**Your task:** Only one stretch of the data below is wanted: the lines from the one with "Final North Bend" through the one with "shorturl.at/nqH28", repeated exactly.
== Provided records ==
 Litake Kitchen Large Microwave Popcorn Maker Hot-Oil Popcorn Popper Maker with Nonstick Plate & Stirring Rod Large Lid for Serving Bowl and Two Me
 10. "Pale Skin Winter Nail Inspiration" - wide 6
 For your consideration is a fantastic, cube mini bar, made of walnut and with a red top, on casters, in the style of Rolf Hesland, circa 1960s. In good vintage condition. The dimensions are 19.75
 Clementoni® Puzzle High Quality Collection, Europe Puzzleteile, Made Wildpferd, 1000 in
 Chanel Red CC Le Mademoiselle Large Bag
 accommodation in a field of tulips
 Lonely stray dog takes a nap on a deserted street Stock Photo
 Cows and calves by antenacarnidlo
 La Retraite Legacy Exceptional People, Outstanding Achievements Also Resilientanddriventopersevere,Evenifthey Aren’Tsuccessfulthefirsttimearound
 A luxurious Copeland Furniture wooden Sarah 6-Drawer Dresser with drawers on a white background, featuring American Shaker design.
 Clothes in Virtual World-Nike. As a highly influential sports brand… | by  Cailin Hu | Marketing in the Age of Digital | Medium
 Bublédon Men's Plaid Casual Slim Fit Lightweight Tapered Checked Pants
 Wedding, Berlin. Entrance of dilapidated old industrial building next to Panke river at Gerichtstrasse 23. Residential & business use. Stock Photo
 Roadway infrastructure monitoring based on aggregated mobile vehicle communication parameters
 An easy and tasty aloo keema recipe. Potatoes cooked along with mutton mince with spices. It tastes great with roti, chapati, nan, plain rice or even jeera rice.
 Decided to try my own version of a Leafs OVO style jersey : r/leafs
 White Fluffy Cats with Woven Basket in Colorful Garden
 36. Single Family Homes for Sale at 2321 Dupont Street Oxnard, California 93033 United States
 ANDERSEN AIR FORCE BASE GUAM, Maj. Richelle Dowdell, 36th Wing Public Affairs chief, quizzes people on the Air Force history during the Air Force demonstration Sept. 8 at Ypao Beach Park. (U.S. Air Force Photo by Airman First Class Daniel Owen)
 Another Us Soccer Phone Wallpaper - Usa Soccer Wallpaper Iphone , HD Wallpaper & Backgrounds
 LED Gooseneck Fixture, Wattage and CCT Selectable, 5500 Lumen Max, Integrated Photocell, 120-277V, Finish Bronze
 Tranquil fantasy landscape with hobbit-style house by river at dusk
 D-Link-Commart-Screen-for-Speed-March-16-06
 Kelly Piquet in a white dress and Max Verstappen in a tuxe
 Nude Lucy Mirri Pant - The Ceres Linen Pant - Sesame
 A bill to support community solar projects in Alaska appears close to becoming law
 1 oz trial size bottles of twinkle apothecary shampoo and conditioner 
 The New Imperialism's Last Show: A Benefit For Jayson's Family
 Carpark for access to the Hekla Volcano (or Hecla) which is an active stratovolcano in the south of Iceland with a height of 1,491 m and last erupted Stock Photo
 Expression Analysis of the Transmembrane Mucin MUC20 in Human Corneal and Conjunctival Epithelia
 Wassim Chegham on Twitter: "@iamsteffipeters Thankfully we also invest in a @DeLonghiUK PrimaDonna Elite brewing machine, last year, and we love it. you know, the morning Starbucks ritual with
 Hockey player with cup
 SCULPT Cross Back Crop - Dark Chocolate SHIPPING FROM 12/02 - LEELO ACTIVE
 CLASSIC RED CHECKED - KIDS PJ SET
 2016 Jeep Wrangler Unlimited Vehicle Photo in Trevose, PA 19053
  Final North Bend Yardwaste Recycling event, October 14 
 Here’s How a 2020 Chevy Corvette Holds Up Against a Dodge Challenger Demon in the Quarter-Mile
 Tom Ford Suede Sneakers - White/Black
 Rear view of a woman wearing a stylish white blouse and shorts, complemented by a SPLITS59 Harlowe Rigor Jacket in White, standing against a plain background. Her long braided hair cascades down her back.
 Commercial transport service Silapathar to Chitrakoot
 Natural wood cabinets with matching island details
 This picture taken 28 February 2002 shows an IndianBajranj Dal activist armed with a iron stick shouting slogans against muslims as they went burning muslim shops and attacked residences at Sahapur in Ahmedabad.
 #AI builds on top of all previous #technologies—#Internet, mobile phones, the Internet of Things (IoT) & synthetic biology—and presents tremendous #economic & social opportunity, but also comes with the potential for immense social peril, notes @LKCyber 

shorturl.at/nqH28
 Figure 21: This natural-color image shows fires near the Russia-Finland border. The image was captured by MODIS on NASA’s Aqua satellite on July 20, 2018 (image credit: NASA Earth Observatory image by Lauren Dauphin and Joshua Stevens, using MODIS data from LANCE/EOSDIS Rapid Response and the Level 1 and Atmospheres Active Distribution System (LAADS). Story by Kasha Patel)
===
**Task answer:**
  Final North Bend Yardwaste Recycling event, October 14 
 Here’s How a 2020 Chevy Corvette Holds Up Against a Dodge Challenger Demon in the Quarter-Mile
 Tom Ford Suede Sneakers - White/Black
 Rear view of a woman wearing a stylish white blouse and shorts, complemented by a SPLITS59 Harlowe Rigor Jacket in White, standing against a plain background. Her long braided hair cascades down her back.
 Commercial transport service Silapathar to Chitrakoot
 Natural wood cabinets with matching island details
 This picture taken 28 February 2002 shows an IndianBajranj Dal activist armed with a iron stick shouting slogans against muslims as they went burning muslim shops and attacked residences at Sahapur in Ahmedabad.
 #AI builds on top of all previous #technologies—#Internet, mobile phones, the Internet of Things (IoT) & synthetic biology—and presents tremendous #economic & social opportunity, but also comes with the potential for immense social peril, notes @LKCyber 

shorturl.at/nqH28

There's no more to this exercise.